Accurate installation method of main girder cable guide pipe of cable-stayed bridge

Technical Field

The utility model mainly relates to the technical field related to cable-stayed bridge construction, in particular to an accurate installation method of a main girder cable guide pipe of a cable-stayed bridge.

Background

Along with the acceleration of the construction process of the high-speed railway, the cable-stayed bridge and the suspension bridge are increasingly widely applied in the aspects of crossing large rivers and the like, and the cable is used as a load distribution system, so that the safety operation of the structure is directly influenced by the installation quality of the cable. The cable guide pipe is used as an important embedded structure for guiding the inhaul cable to pass through the beam body and being anchored on the beam body, and the installation angle and the installation position of the cable guide pipe directly influence the mechanical conduction of the cable and the stress of the beam, so that the cable guide pipe is an extremely important ring in the embedded of the cable-stayed bridge. The research and implementation of the cable conduit accurate positioning and quick installation method solve the problems of high precision requirement, difficult space lofting and great influence by complex working conditions on site in the cable conduit positioning and installation.

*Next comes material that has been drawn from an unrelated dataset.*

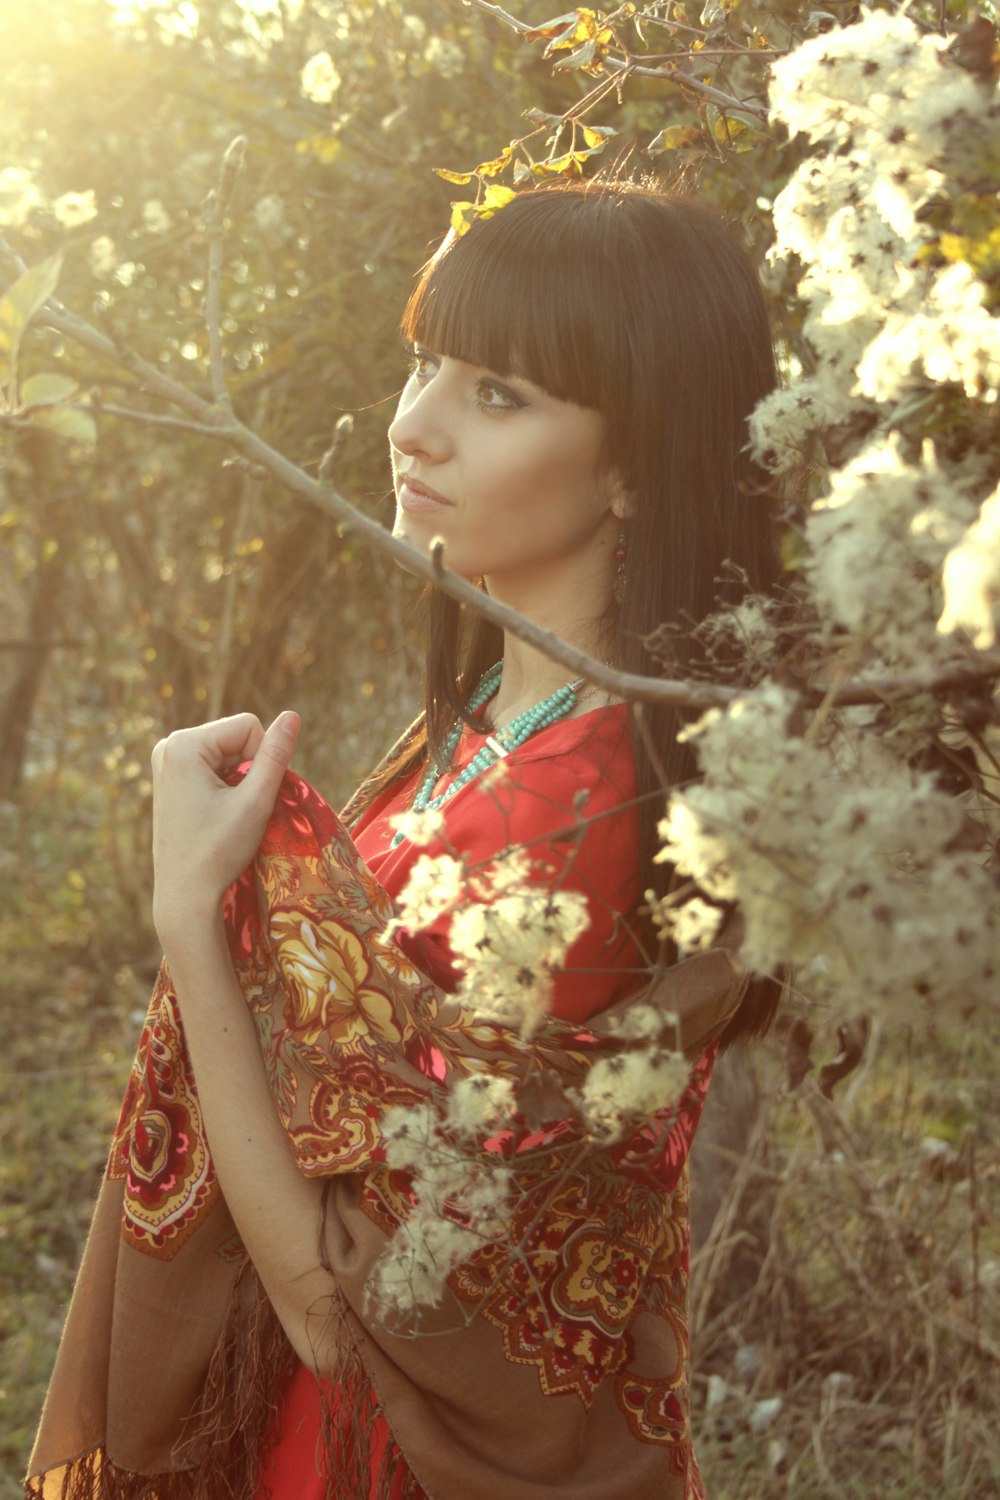 woman in red and white floral dress standing near brown leaf tree during daytime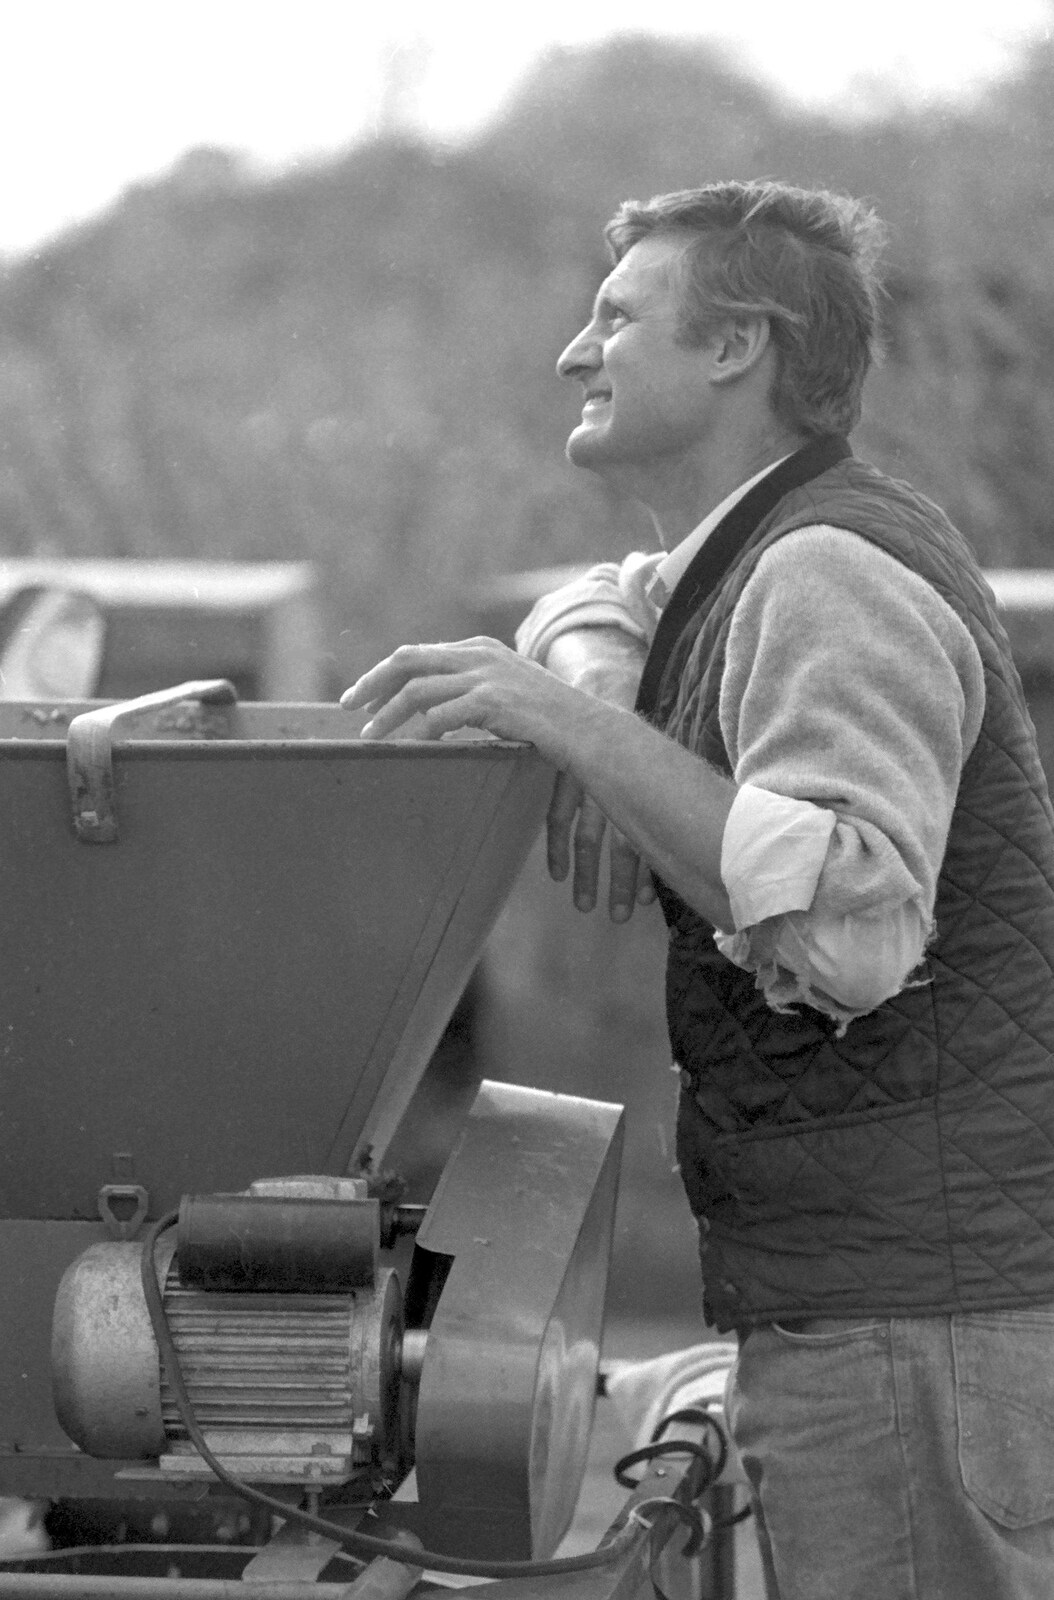 Geoff looks up from Cider Making in Black and White, Stuston, Suffolk - 11th October 1992

At present, although the method for installing the cable duct is summarized by groups, most of the methods focus on solving the installation level, and there are few outstanding researches on how to improve the installation accuracy and speed. If lofting is inaccurate, the cable stress biases the cable guide pipe, so that the overall stress of the cable, the beam and the tower is influenced, the later rework cost is huge, and the operation safety and the enterprise reputation are directly influenced by how to accurately and efficiently install the cable guide pipe.

Disclosure of Invention

In order to solve the defects of the prior art, the utility model combines the prior art, and provides an accurate installation method of a main girder cable guide pipe of a cable-stayed bridge from practical application, and a three-point positioning method is innovatively introduced, wherein a set elevation plane is firstly created in a space structure, two coordinate points are determined on the plane, and then a space third point is determined under the assistance of a tool, so that the lofting precision is greatly improved.

In order to achieve the above purpose, the technical scheme of the utility model is as follows:

the accurate installation method of the main girder cable guide pipe of the cable-stayed bridge comprises the following steps:

s1, a square notch is formed in a position, corresponding to a perforation position of a template, of a lofting cable outlet catheter;

s2, welding a cable duct placing platform A on the template, measuring coordinate points 1 and 2 on two sides of a bottom anchor backing plate of the lofting cable duct, and marking;

s3, manually matching the tower crane, lifting the sling guide pipe, and enabling two corners of the bottom anchor backing plate of the sling guide pipe to coincide with the marks of the coordinate point 1 and the coordinate point 2;

s4, installing an axle center centering tool C on an upper pipe orifice of the cable duct, and adjusting the position of the upper pipe orifice up and down based on the total station and the axle center centering tool to finish alignment;

s5, installing a steel support of a stiff framework of the cable guide pipe, pressing a steel plate after a cableway pipe anchor backing plate is anchored to a template, forming a notch, and pressing four corners by using steel bar pressing nails;

s6, the position of the cable duct is retested to finish the installation.

Further, the step S1 specifically includes:

s11, accurately lofting the punching position of the cable outlet guide pipe on the template based on a design drawing;

s12, based on the position and the size of the bottom anchor backing plate of the cable guide tube, square notches are formed in the corresponding positions of the templates, the size of the square notches is 5cm larger than that of the bottom anchor backing plate, and each side of each notch is provided with a 2.5cm movable space.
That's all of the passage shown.